The optical signal transmission means that an optical signal emitted by a laser is conducted to an optical fiber through an optical device and transmitted to a receiving end through the optical fiber, so that the signal is transmitted in the optical fiber, and the purposes of improving the transmission rate, capacity and transmission distance are achieved.
In the big data era, high-density and high-bandwidth applications are increasing, and at the moment, a passive optical cable or a cable system based on a copper wire is very popular. In order to ensure the stability and flexible applicability of transmission, users urgently need a novel product as a main transmission medium of a high-performance computing and data center, and under the condition, an active optical cable product is produced. Compared with the traditional cable, the active optical cable has the advantages of high transmission rate, long transmission distance, low energy consumption, convenience in use and the like, can help communication equipment to enjoy the great advantage of optical transmission, and is an ideal transmission cable in the fields of data centers, consumer electronics and the like.
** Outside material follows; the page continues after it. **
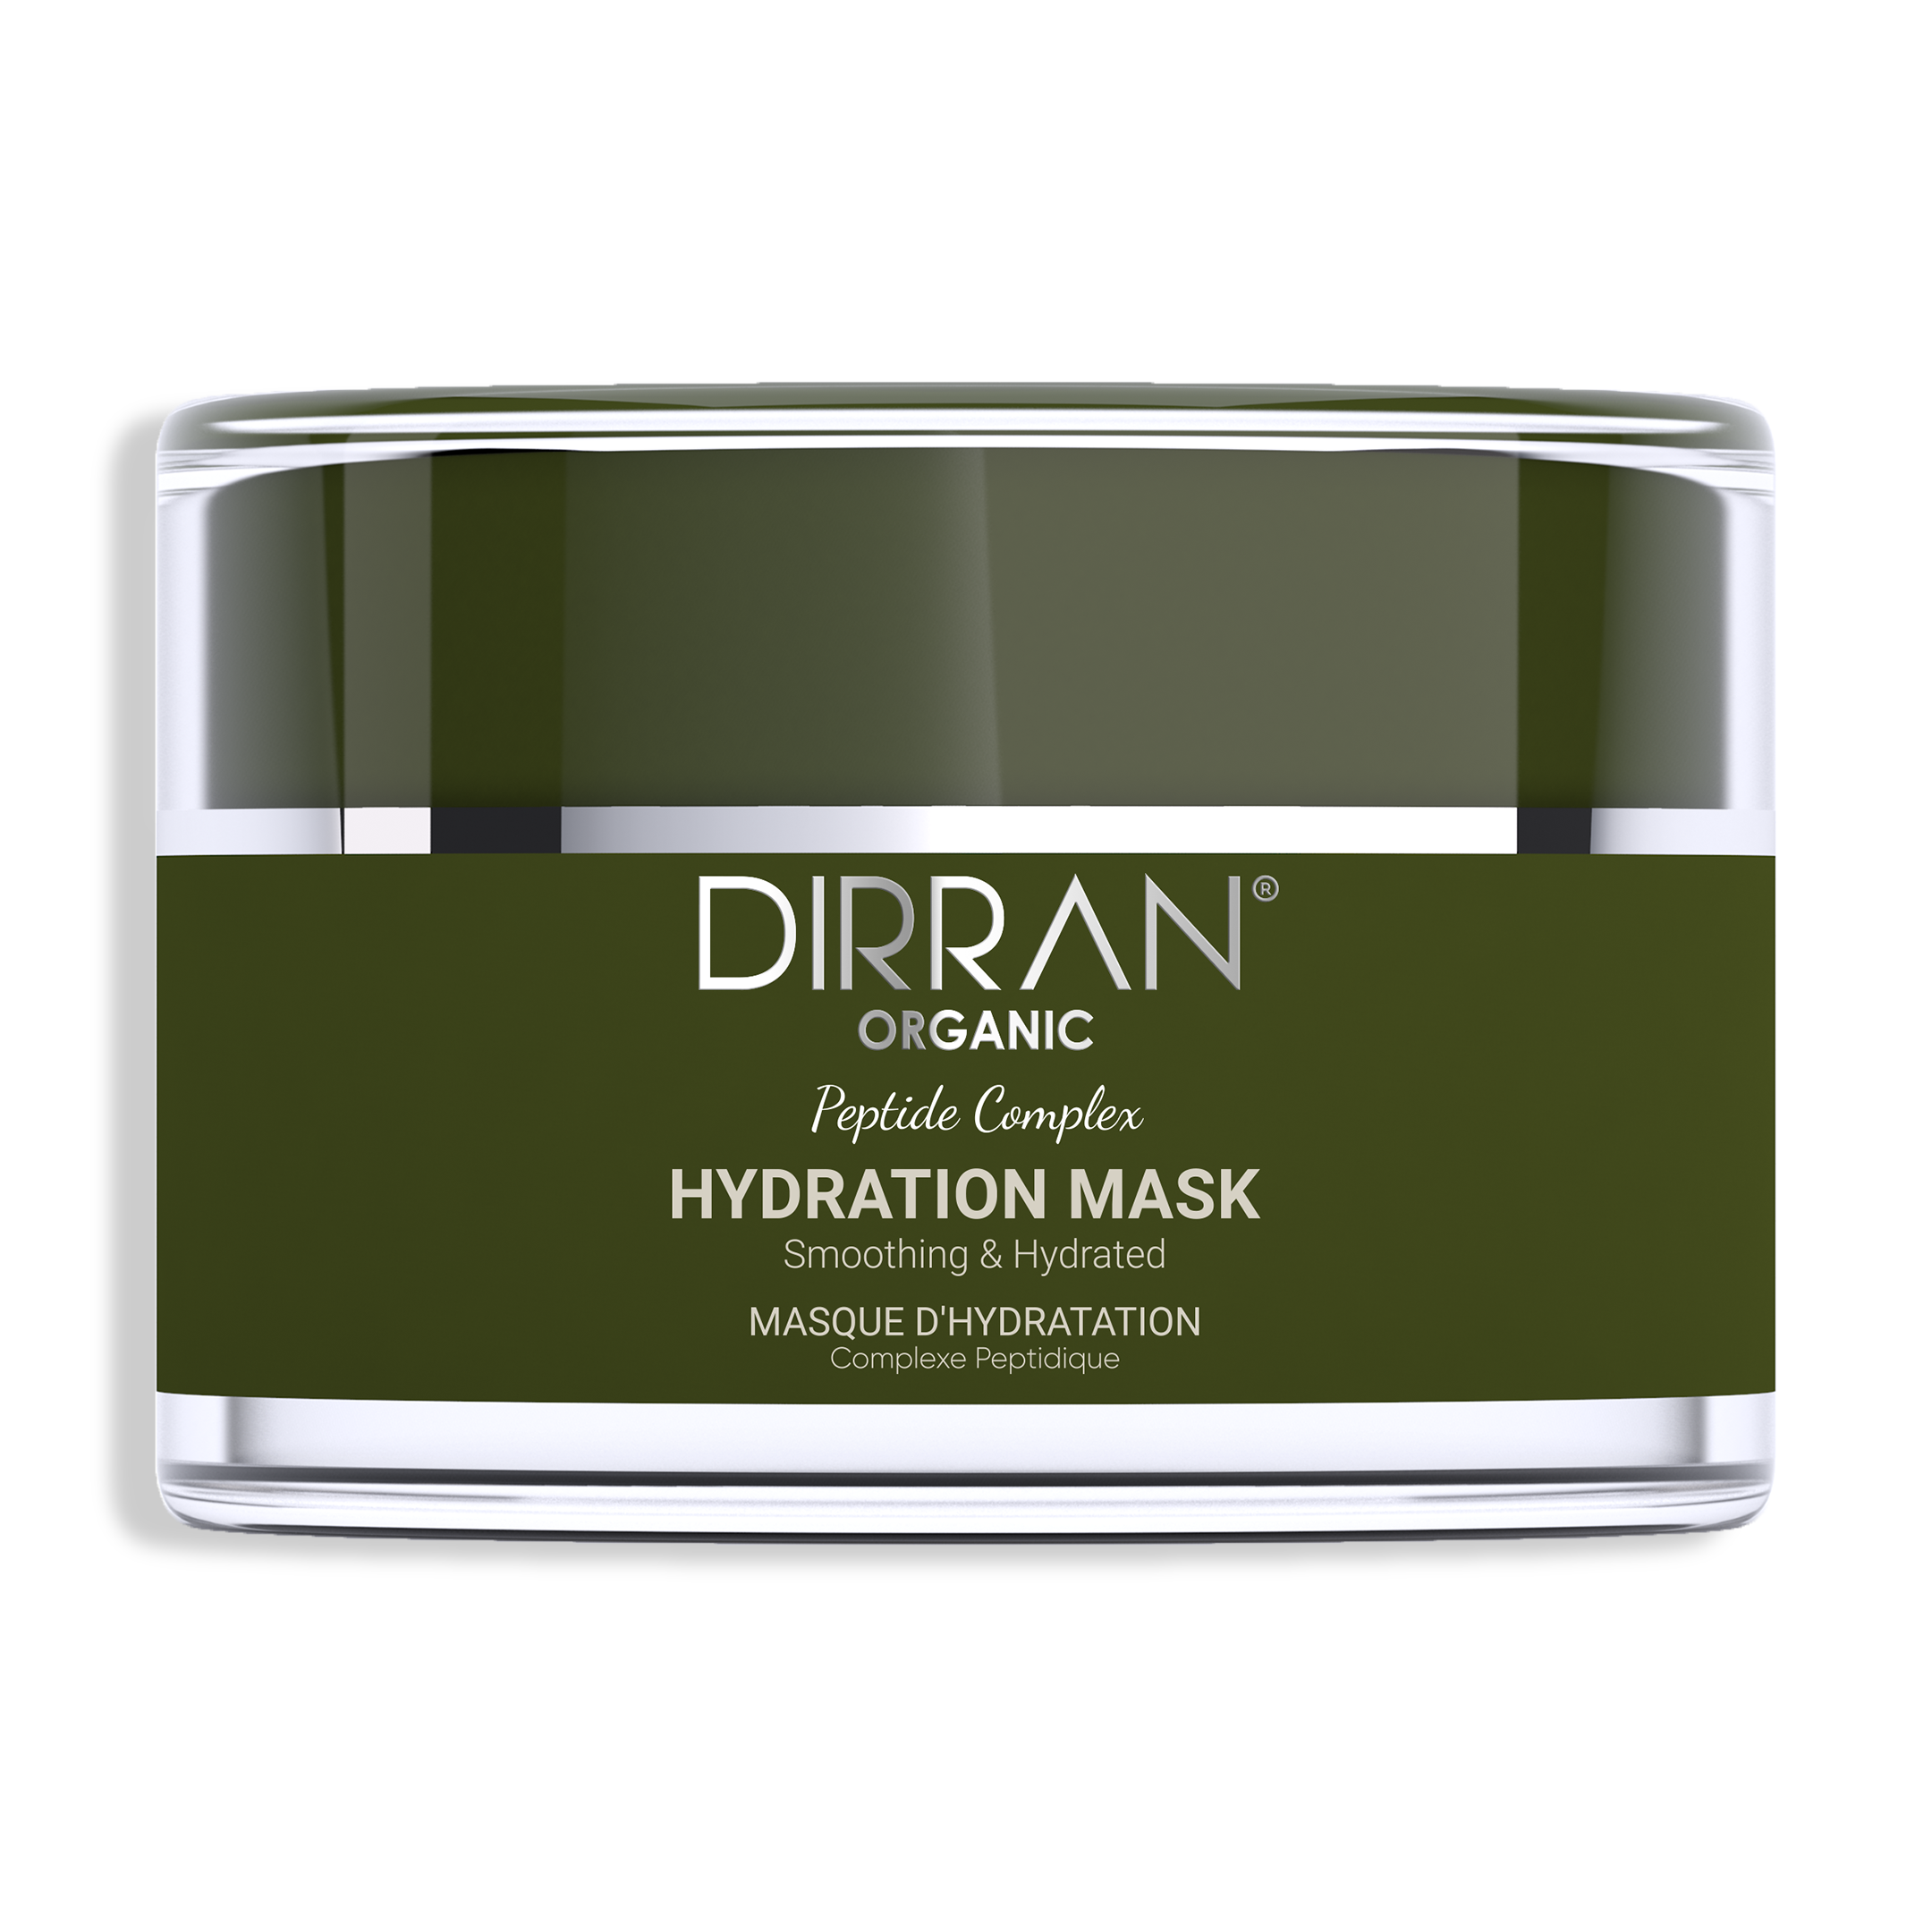 HYDRATION MASK Peptide Complex for Smoothing and Hydrated

With the irreversible tendency of "optical copper in and out" coming into and going out, the future will be an era of "all-optical networks", and active fiber optic cable technology will penetrate every corner of the high-speed interconnect market.
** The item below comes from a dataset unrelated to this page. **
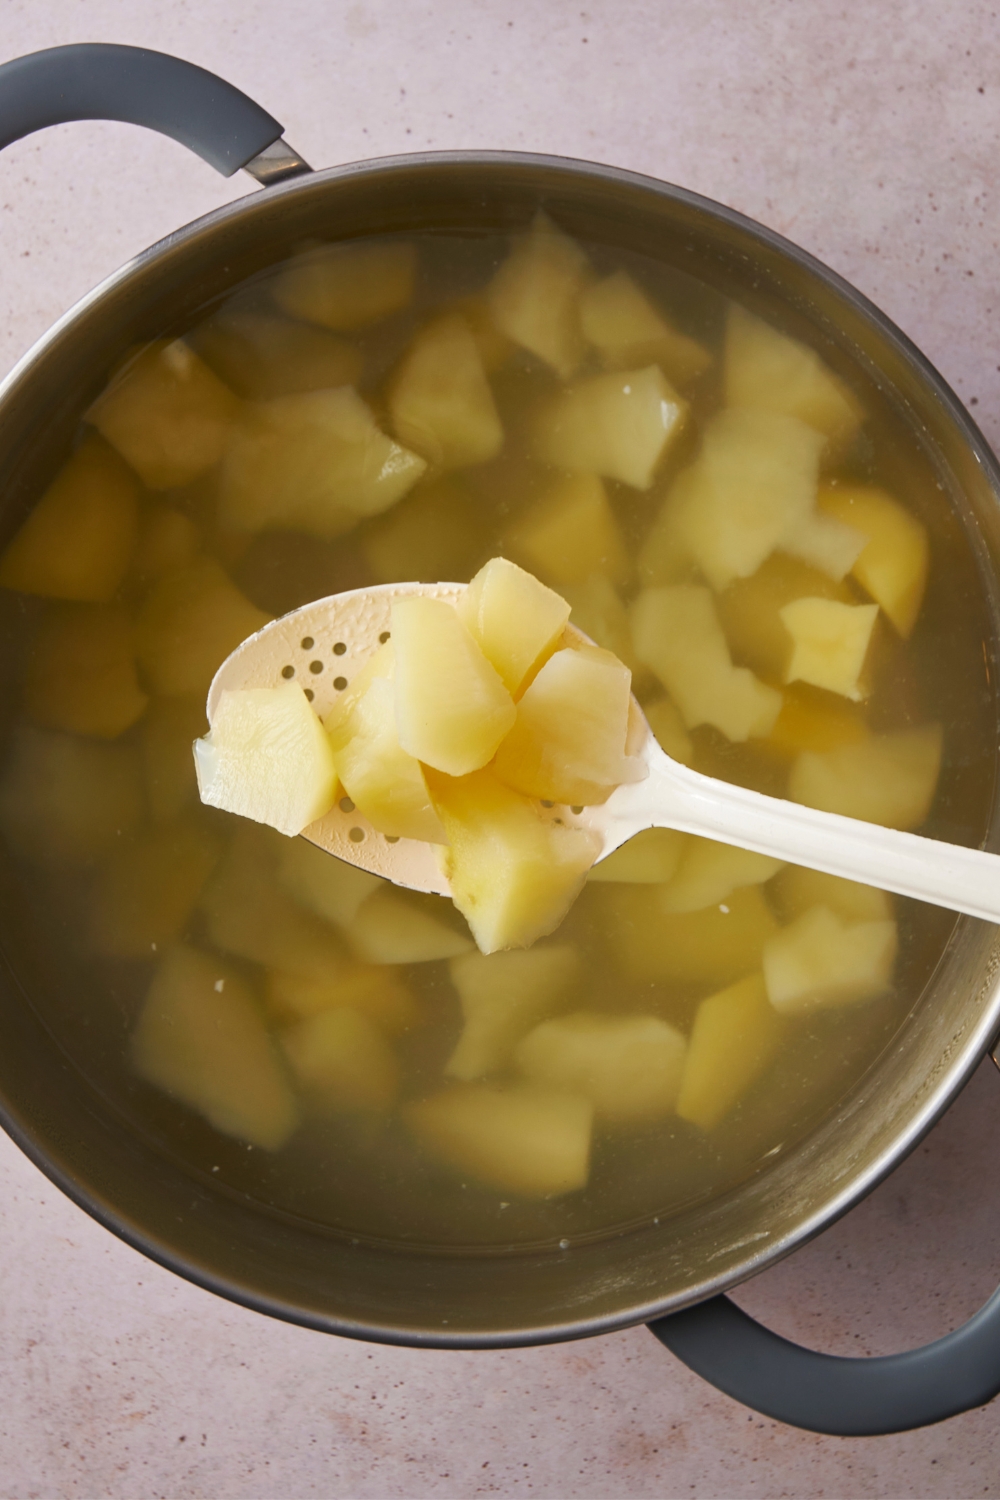 A slotted spoon holding diced potatoes over a deep pot with the remaining cubed potatoes in hot water.

SUMMERY OF THE UTILITY MODEL
The utility model discloses the technical problem that will solve is: an optical fiber transmission device is provided for photoelectric signal transmission of a split television.
In order to solve the technical problem, the utility model discloses a technical scheme be: an optical-electrical transmission apparatus for a split-type television, comprising: the device comprises a transmitting end module, a photoelectric hybrid cable and a receiving end module; the transmitting end module and the receiving end module are respectively connected to two ends of the photoelectric hybrid cable; the transmitting terminal module is used for receiving a high-speed video signal and a low-speed control signal and converting the high-speed video signal into an optical signal for transmission; the photoelectric hybrid cable consists of 4 or 6 optical fibers and a power supply copper wire or a low-speed control signal copper wire; the receiving end module is used for converting the optical signal into a high-speed video signal and a low-speed control signal.
Further, the high-speed video signal comprises at least ONE of an HDMI signal, a DP signal, an MIPI signal and a V-BY-ONE signal, and the low-speed control signal comprises at least ONE of an I2C signal and a serial port signal.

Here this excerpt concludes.